A great deal of research strongly suggests that mathematical tasks that we refer to as “ rich”, are those that are most likely to engage learners positively and effectively with their mathematical learning (NCETM no date)

My teaching practice identified how the use of ICT in mathematics covered a broad spectrum of effective teaching and learning strategies. The result was an extremely pleasant one, not at all what I had anticipated. Pupil’s behaviour was well controlled, they were focused and engaged on their task and found it very enjoyable. I had created an effective learning environment, secured motivation and concentration of pupils. Thus as supported by DFEE (1999, P. 27) I had also provided equality of opportunities for all pupils, enabling them to share their ideas with their partners. However, in a few instances I need to take into consideration for future practice those pupils that do not have the ability for searching skills with ICT and will tend not to engage in the activity (Petty, 2009, P. 401).

The curriculum identifies calculators, graphics calculators, and computers are learning tools which students can use to discover and reinforce new ideas. Calculators are powerful tools for helping students to discover numerical facts and patterns, and helping them to make generalisations about, for example, repeated operations.

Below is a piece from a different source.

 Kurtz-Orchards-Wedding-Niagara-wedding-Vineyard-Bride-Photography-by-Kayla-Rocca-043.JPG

Graphical calculators, and computer software such as graphing packages and spreadsheets, are tools which enable students to concentrate on mathematical ideas rather than on routine mechanical manipulation, which often intrudes on the real point of particular learning situations. ICT tasks provide excellent environments for mathematical experimentation and open-ended problem solving as discussed below.

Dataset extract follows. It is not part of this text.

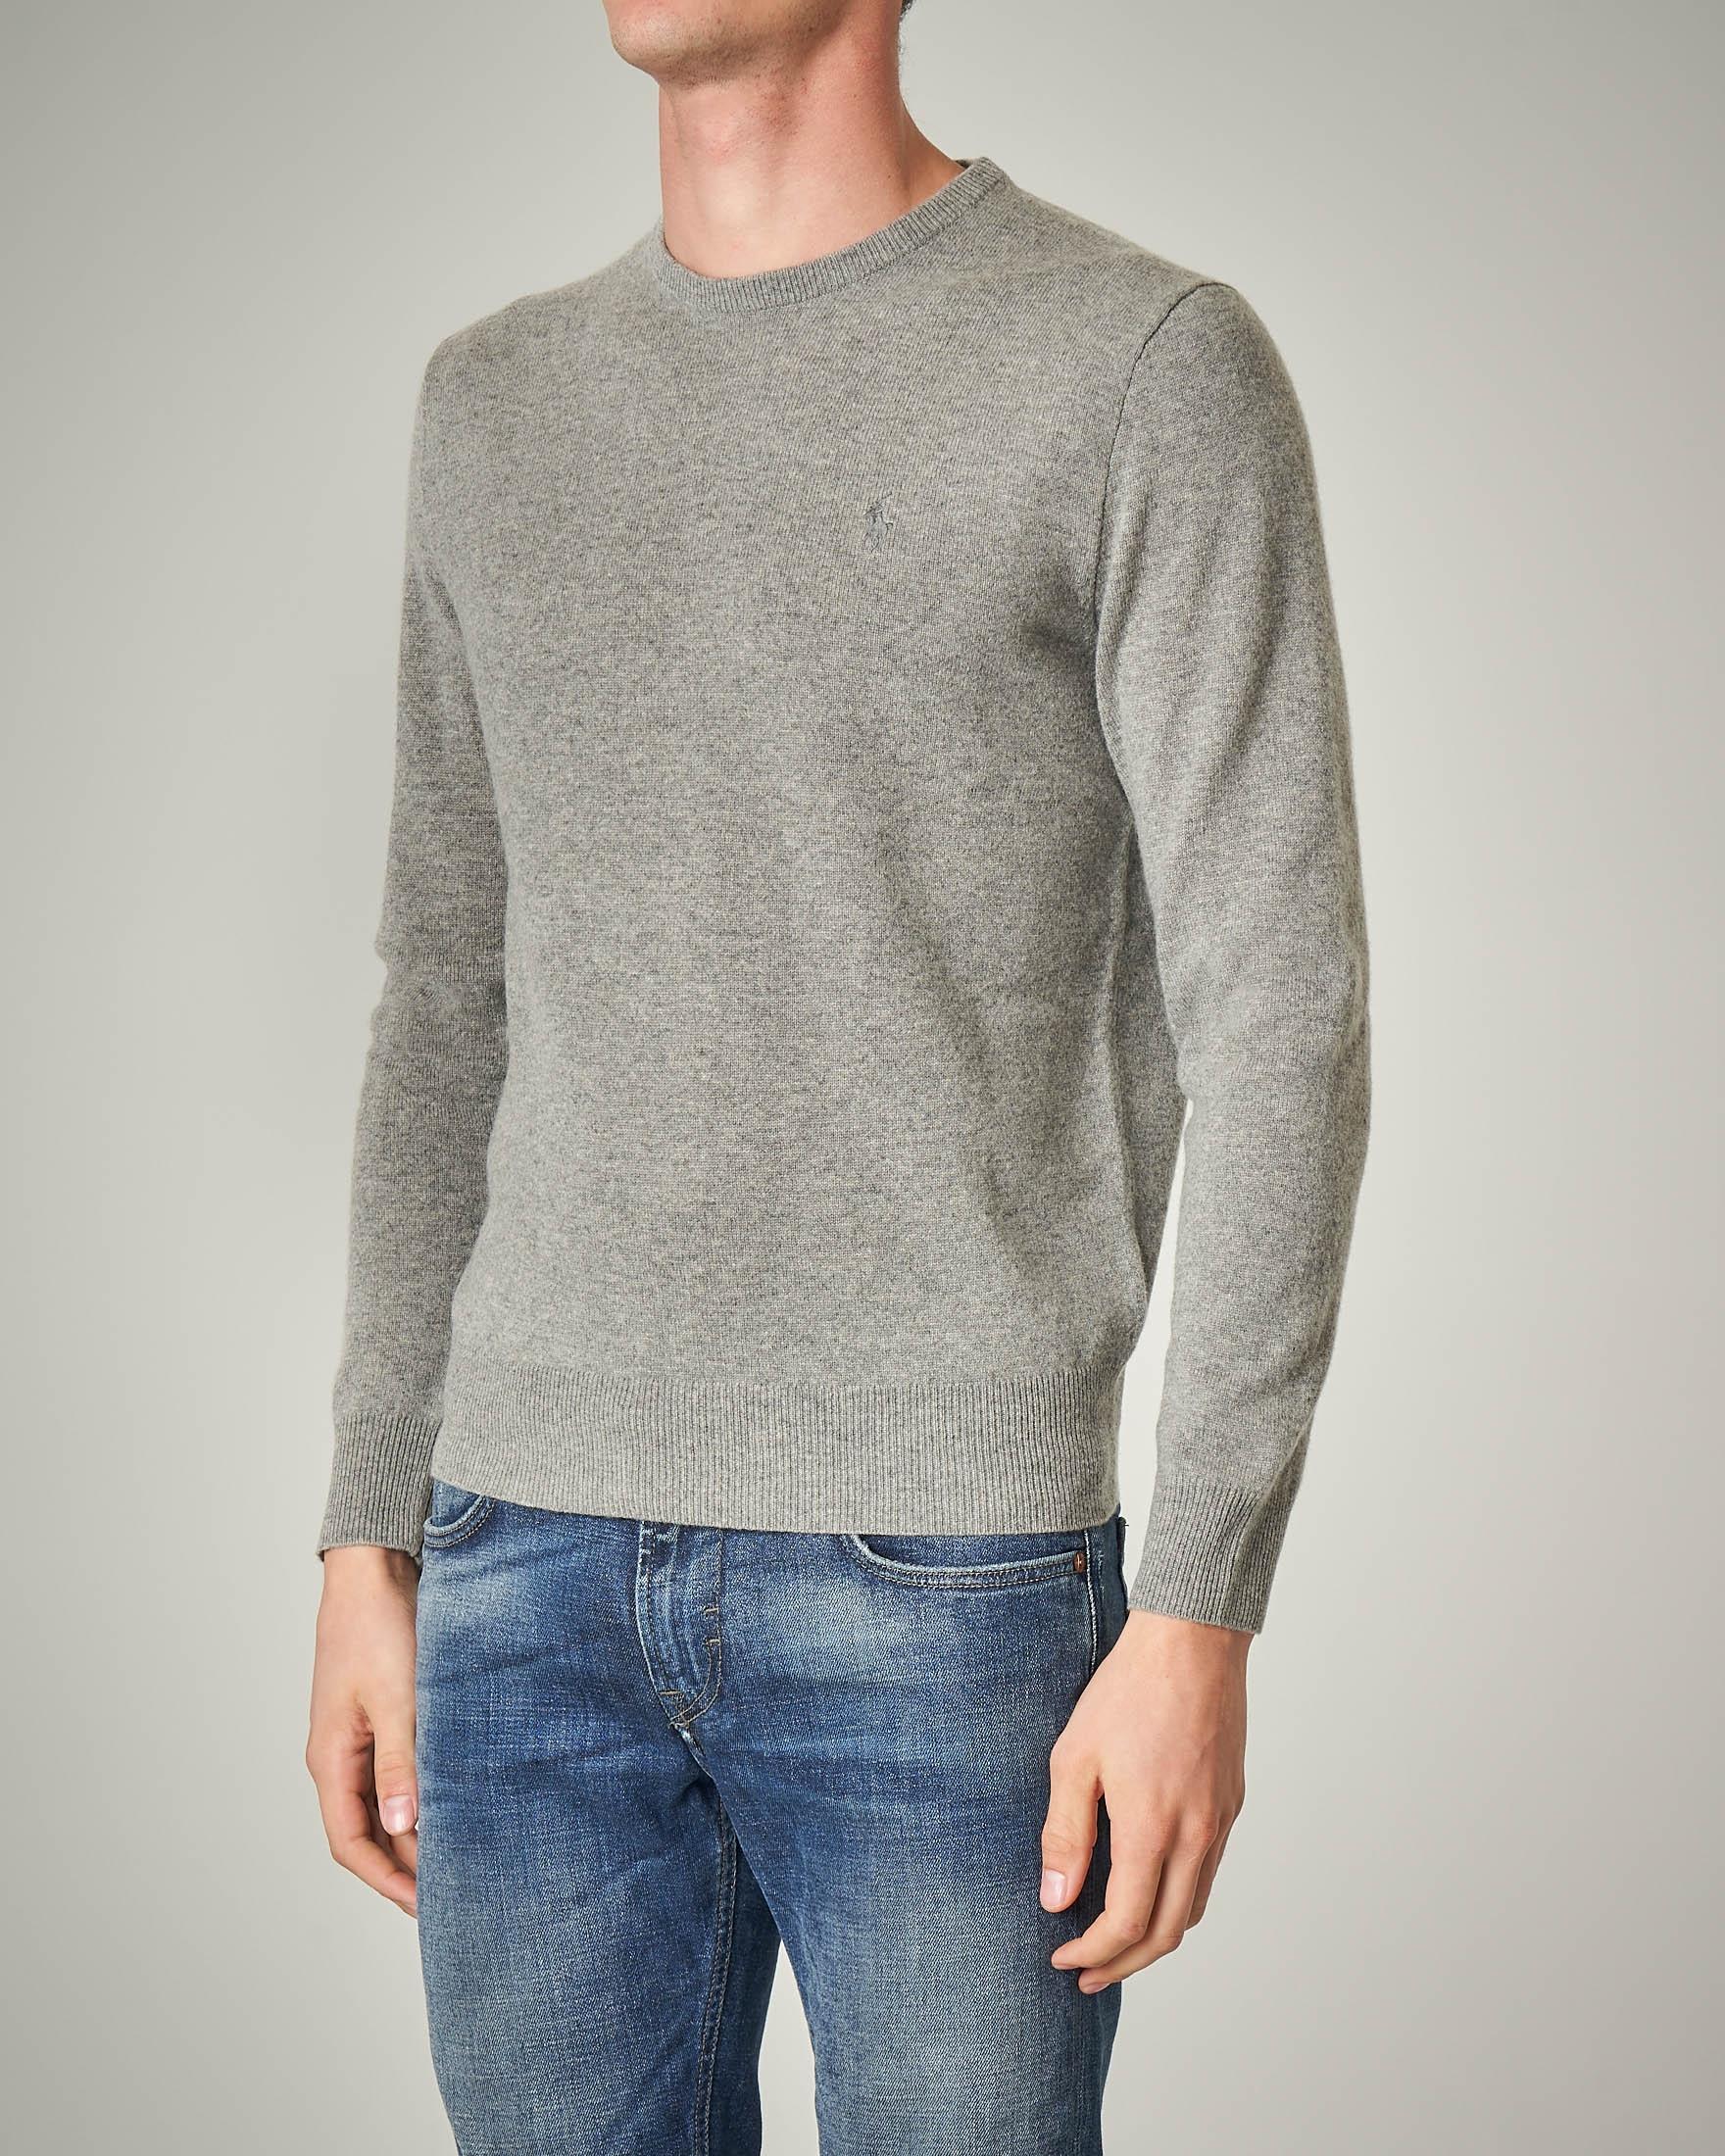 Maglia grigio melange girocollo in lana merino

Not only did the ICT allow students to raise original questions about math for which there are no right answers “ in the book,” they also initiated discussion of these questions, realising that it may be other students who will find reasonable answers. Thus, the task required pupils to reason mathematically and to communicate and justify their thinking to the application of everyday life.

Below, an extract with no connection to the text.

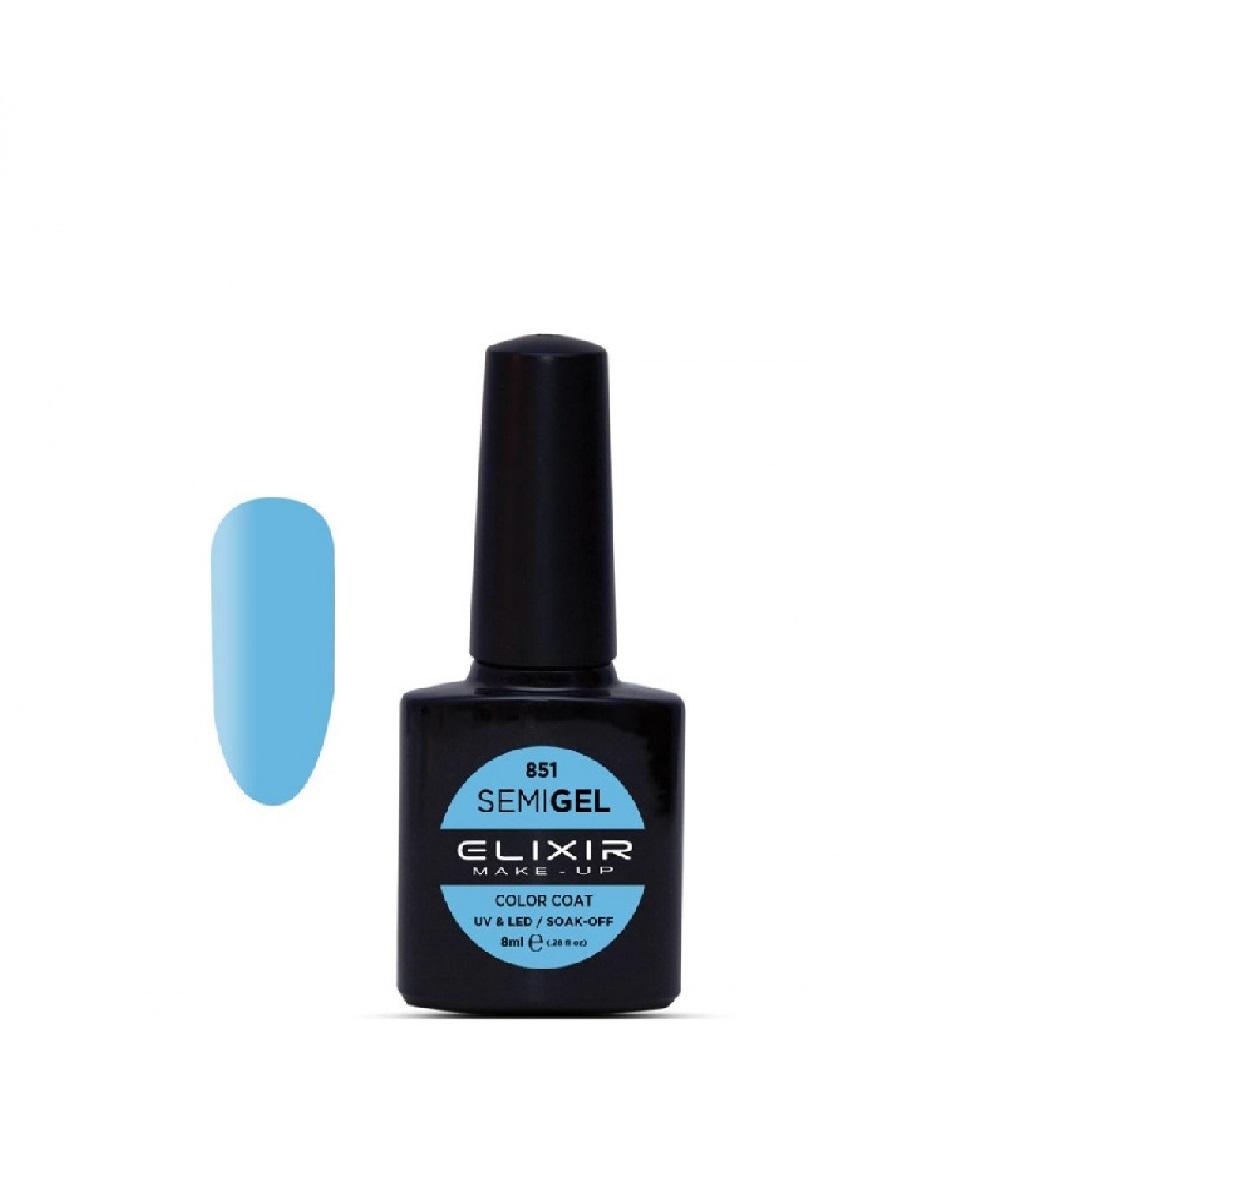 Elixir Make-up Semigel Ημιμόνιμο Βερνίκι No851 Bondi Blue 8ml

As a teacher I found on giving guidance to pupils during the task that I would draw on the pupil’s discovery and creativity to keep them interested. This enhanced pupil’s opportunities to develop independent thinking and collaborative learning skills and simultaneously, encouraged pupils to seek connections to previous and developing knowledge move around the room to keep everyone engaged and on track. Pupils would be encouraged to go on with the next challenge, once a step is learned. However, good practice shows that not all pupils learn at the same pace. By using ICT in maths with rich tasks naturally incorporates differentiation within the class.

## CONCLUSION

We live in a time of extraordinary and accelerating change. New knowledge, tools, and ways of doing and communicating mathematics continue to emerge and evolve. The need to understand and be able to use mathematics in everyday life and in the workplace has never been greater and will continue to increase.

Nevertheless, I believe that there are certain elements which need to be present in successful mathematical teaching to pupils of all ages. I believe it is paramount to observe exemplary practice in not only in mathematics but across the whole school, so that we can take on and aspire to that modelled behaviour that creates optimum learning for our pupils.